KILAS BANTEN – Polemik pemusnahan ikan sapu-sapu dengan cara dikubur hidup-hidup terus memicu perdebatan publik. Metode ini dinilai cepat untuk menekan populasi spesies invasif. Namun, banyak pihak mengkritik karena dianggap tidak memperhatikan kesejahteraan hewan.
Lonjakan populasi ikan sapu-sapu di sejumlah wilayah perairan Jakarta menjadi masalah serius. Ikan ini dikenal agresif dan merusak habitat alami. Kehadirannya juga mengancam kelangsungan hidup ikan lokal. Situasi ini mendorong pemerintah dan masyarakat melakukan penangkapan besar-besaran hingga pemusnahan.
ADVERTISEMENT
. Ukuran gambar 480px x 600pxSCROLL TO RESUME CONTENT
Perdebatan semakin meluas ketika metode penguburan dalam kondisi hidup dipertanyakan dari sudut pandang hukum Islam. Rektor UIN Sultan Maulana Hasanuddin Banten, Prof Muhammad Ishom, memberikan penjelasan terkait hal tersebut.

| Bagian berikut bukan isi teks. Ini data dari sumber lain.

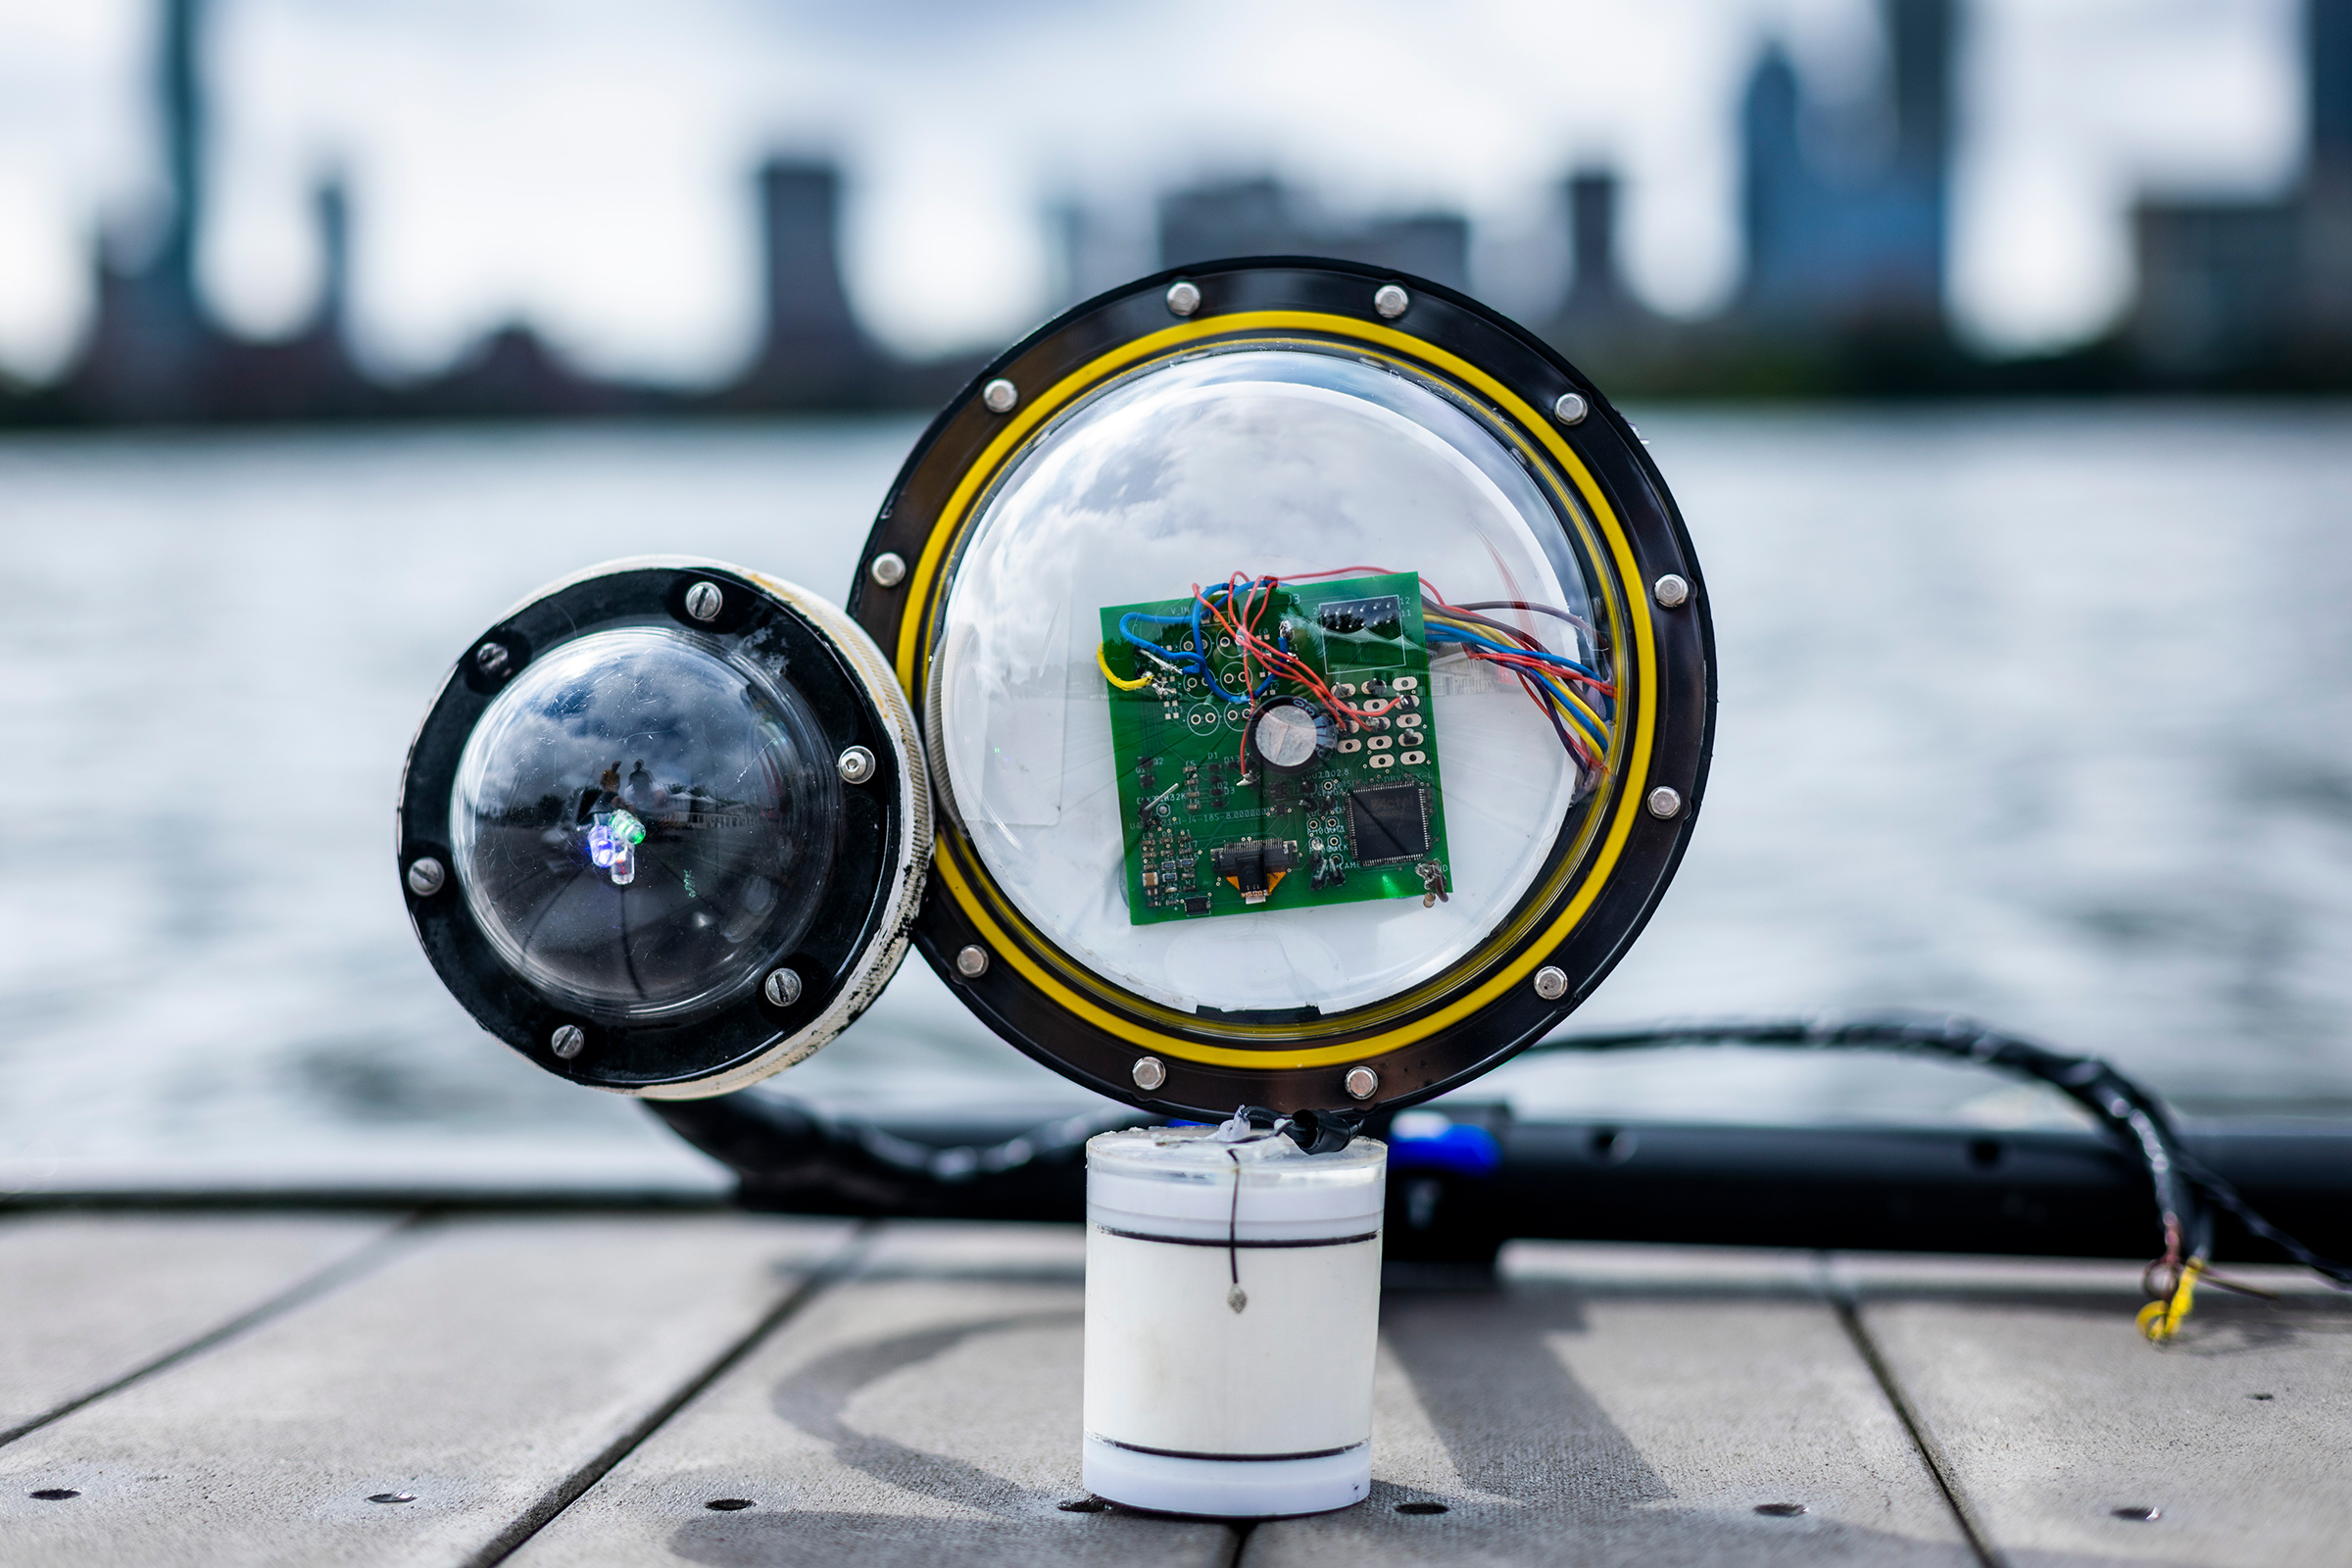 MIT engineers build a battery-free, wireless underwater camera | MIT News
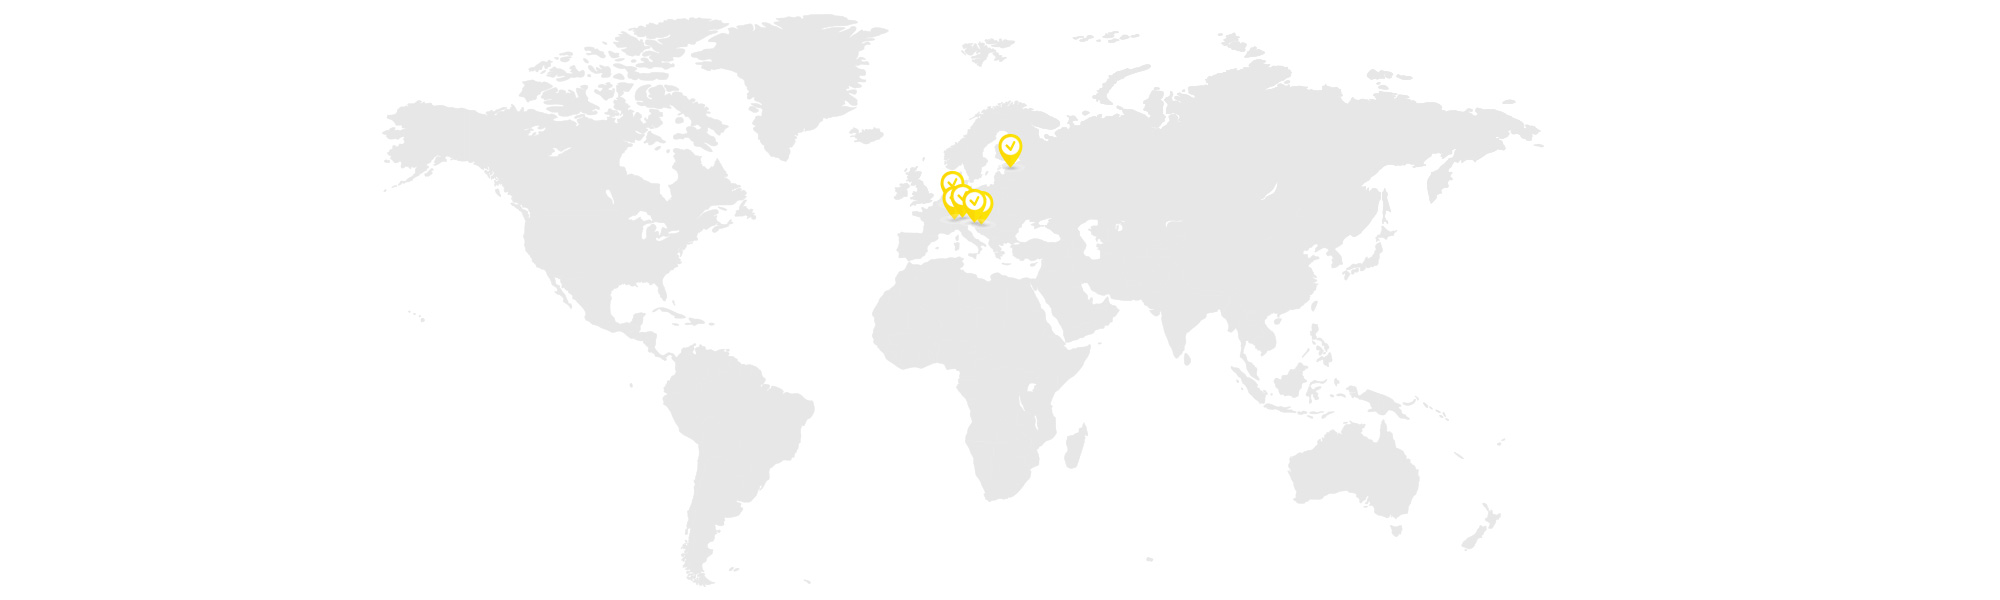 Totter Midi Partner auf Weltkarte

Ia menegaskan bahwa dalam prinsip umum, Islam melarang tindakan menyiksa hewan. Larangan itu tercantum dalam berbagai kitab fikih klasik.
Ia merujuk pada Minah al-Jalil Syarh Mukhtashar Khalil yang menjelaskan bahwa menyakiti hewan sebelum mati, seperti menguliti atau memotong bagian tubuh, termasuk perbuatan yang tidak dibenarkan.
Pandangan serupa juga dijelaskan dalam Hasyiyah al-Dasuqi ala Syarh al-Kabir. Dalam kitab tersebut, perlakuan yang menimbulkan rasa sakit sebelum kematian sempurna dinilai makruh.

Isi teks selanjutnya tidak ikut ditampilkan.